To explore the possible discrepancies in quantification of individual proteins, we calculated pairwise Pearson’s correlation for selected datasets (Figure 4). The overall levels of correlation are moderate (mean Pearson’s r = 0.63 for E. coli, 0.57 for S. cerevisiae, and 0.70 for Hela cells). Moderate levels of pairwise correlations are typical for mass spectrometry-based experiments, although, of course, a better level is expected since identical cell types in almost identical conditions are considered. Interestingly, a targeted immunoblot-based study of S. cerevisiae by Ghaemmaghami et al. demonstrated lower-than-average levels of correlation with mass spectrometry studies. Additionally, a fluorescence-based study of the E. coli proteome by Taniguchi et al. showed a moderate level of correlation with other datasets despite quantifying a significantly smaller number of proteins in total. It is also surprising that we do not observe an increased level of correlation when taking into consideration only core proteins (lower left corner of heatmaps in Figure 4).

In conclusion, we reason that although abundances of specific proteins can be the reason for some of the discrepancies observed between total protein copy numbers, this factor alone cannot explain a ten-fold difference in some cases. Therefore, we believe that neither the unidentified portion of the proteome nor differences in quantification of particular proteins can produce the observed effect. In turn, it is likely that some sort of a study-specific coefficient can be applied to normalize quantitative information between different studies of a particular model organism.

2.4. Estimation of Total Protein Copy Numbers per Cell from Total Protein Mass per Cell

To produce consensus values of protein abundances per cell, we opted for a simple, but powerful approach of estimating the total number of protein copies per cell based on the total protein mass per cell and average protein mass.

As our first step, we calculated average protein molecular masses as reported in the datasets (Figure 5). Our results aligned with the well established observation that prokaryotes have a lower average protein mass (around 30 kDa) than eukaryotes (around 40 kDa) [12], although we also noticed a small difference in the median protein mass between S. cerevisiae and HeLa cells, which may have reflected the relative extent of cell complexity between yeast and humans.

Next, we analyzed the reports of measured total protein weight per cell of E. coli, S. cerevisiae, and HeLa cells. We selected close to average measurements that were preferentially obtained in recent years.

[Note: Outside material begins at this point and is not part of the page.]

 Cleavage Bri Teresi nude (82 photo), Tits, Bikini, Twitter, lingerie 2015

For E. coli cells, we took the value of 280 ng per cell, obtained by Schmidt et al. for our conditions of interest [6]. For S. cerevisiae, values from 4.9 to 6.4 pg were reported and we selected the average, i.e., 5.65 pg [36]. For HeLa cells, values from 200 to 300 pg were reported [18,37]. We took the average of these values for our calculations. Our selected values differed slightly from those taken by Milo [12]. Next, we estimated the total number of protein copies per cell by simply dividing the total protein mass per cell by the median average protein mass obtained for the selected cell types. We obtained the following numbers of total protein copies per cell: 5,774,718 for E. coli, 86,196,924 for S. cerevisiae, and 3,698,713,400 for HeLa cells. Comparing the obtained results with reported protein copy numbers from the selected studies, we noticed that our estimates were close to the average of reported values (Figure 6). Therefore, we reasoned that it was correct to normalize reported protein copies per cell to our calculated values for the chosen model organisms.

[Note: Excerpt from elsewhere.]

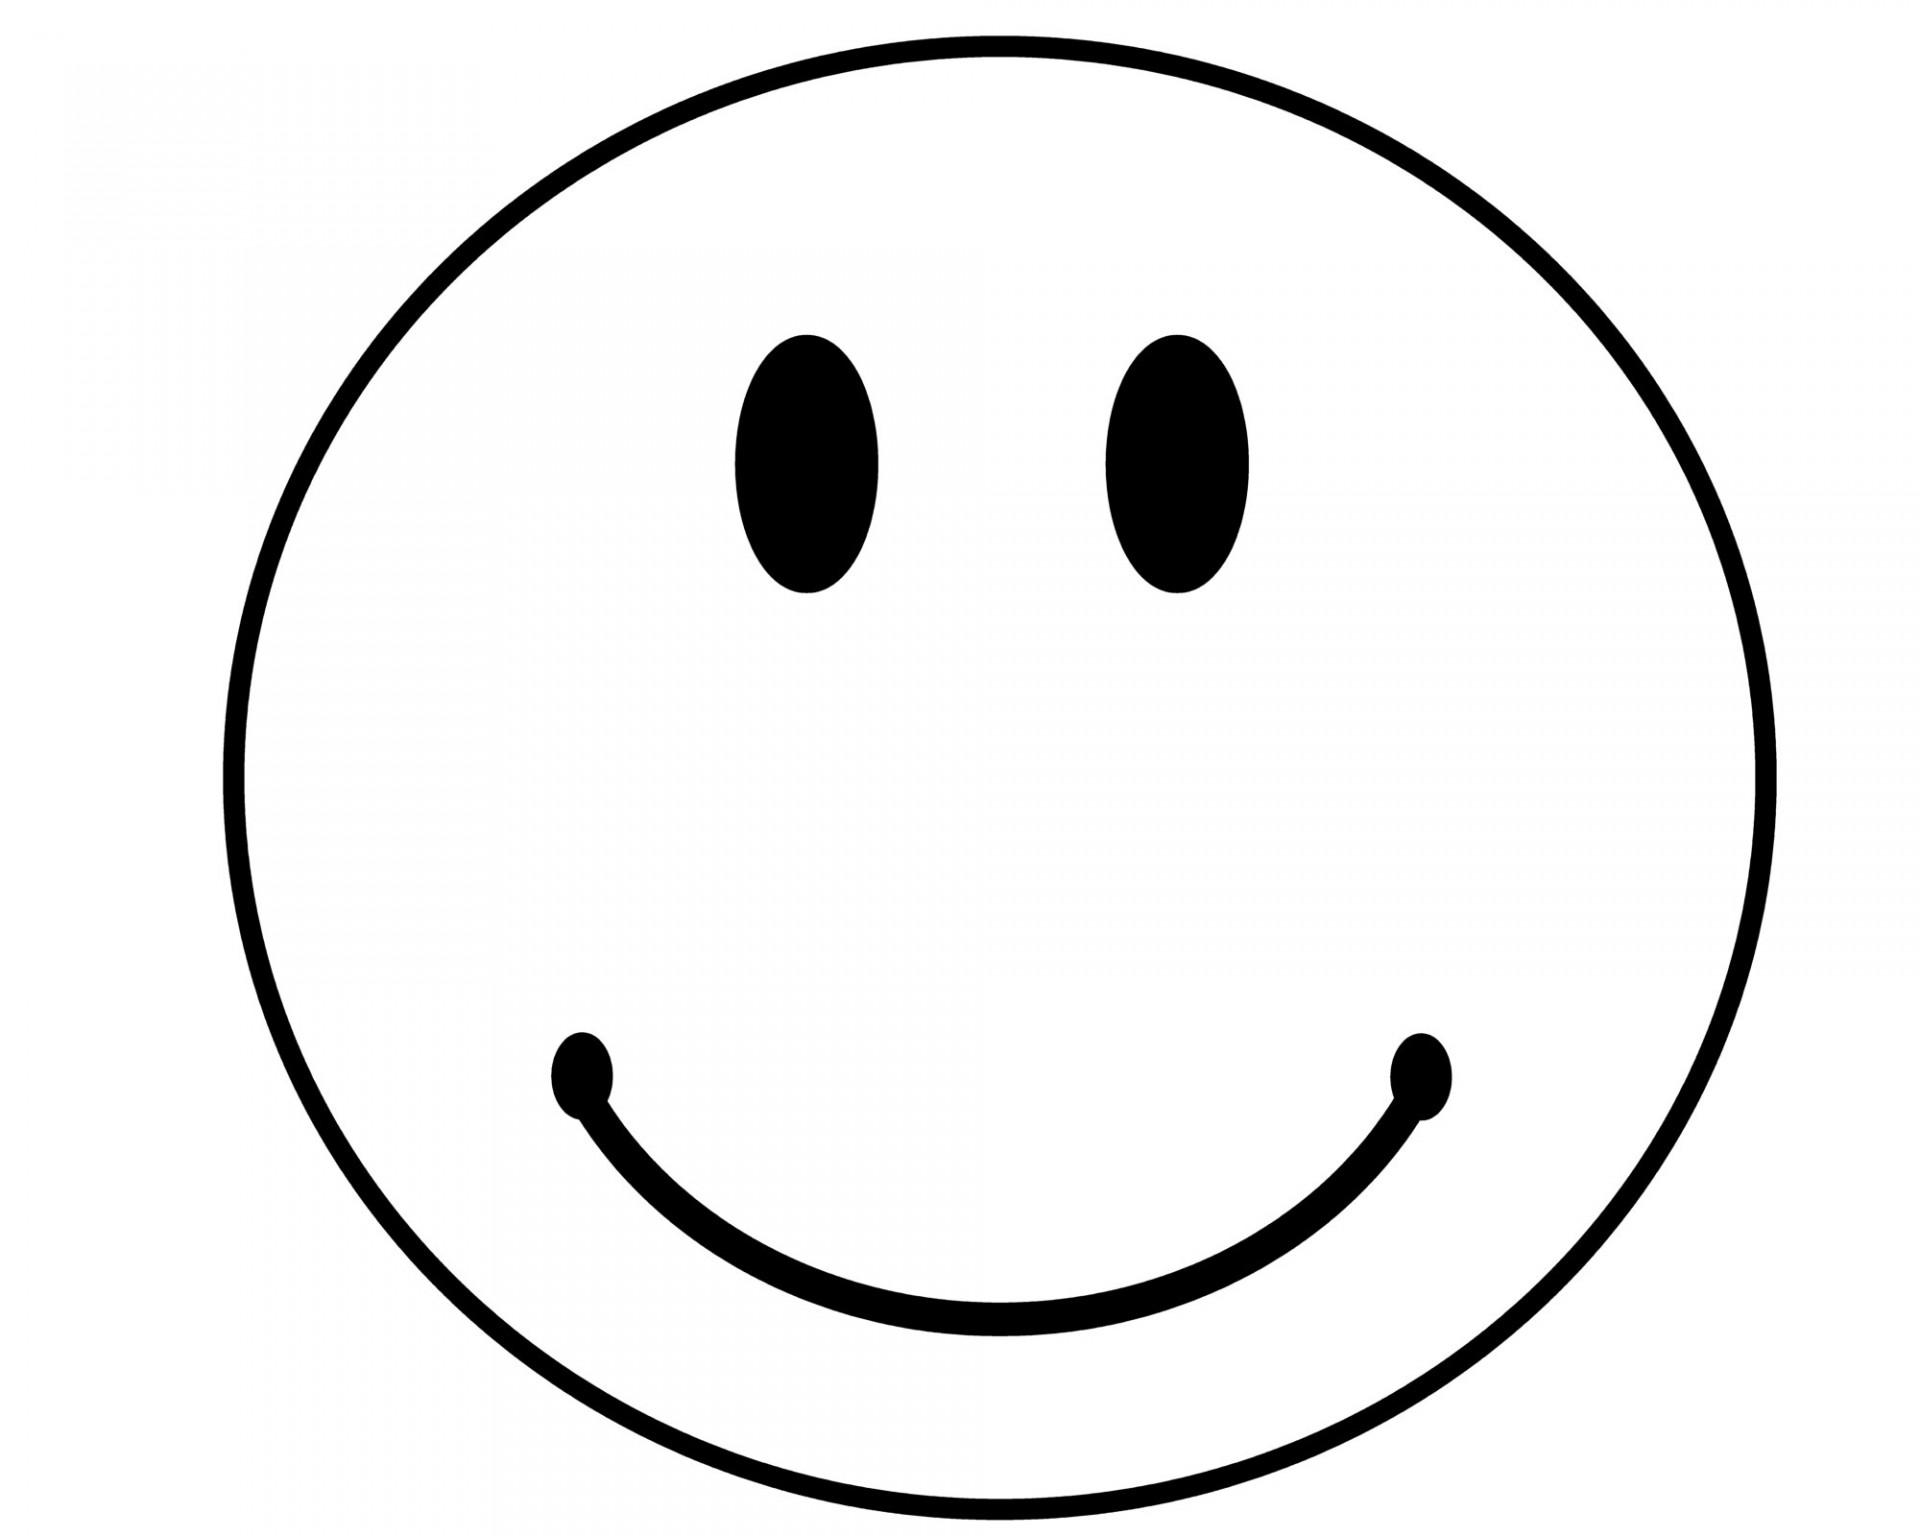 Free Clip Art Smiley Face Tumundografico-Free clip art smiley face tumundografico-5

To enable direct comparisons of the cellular proteome numbers between such different organisms, we converted the values of total protein copies per cell to total protein copies per unit of volume, µm³, by dividing our estimates by a typical cellular volume in conditions typical for the selected studies. While the measurements of cell volume for S. cerevisiae (42 µm³ [38,39]) and for HeLa cells (2425 µm³ [40]) are fairly consistent in the available literature, reported values for E. coli cells display significant discrepancy, ranging from 1 µm³ to almost 3 µm³ in similar growth conditions [17,41,42,43]. E. coli and bacteria, in general, have a well documented phenomenon of demonstrating significant changes in cell volume depending on the growth rate. However, this is unlikely to explain the observed discrepancy as the aforementioned estimates were calculated for cells growing in similar conditions, and thus, with a similar growth rate. As a consensus value, we selected 2.15 µm³, reported by Radzikowski et al. [17] (see also supplementary note in Schmidt et al. [6]). For the selected cell volumes, we obtained values of 2,685,915 protein copies per µm³ for E. coli, 2,034,146 protein copies per µm³ S. cerevisiae, and 1,525,243 protein copies per µm³ for HeLa. As can be seen, there is a clear trend of decreasing protein copies per unit of cell volume with increasing organism complexity, although it is not as profound as estimated previously [12].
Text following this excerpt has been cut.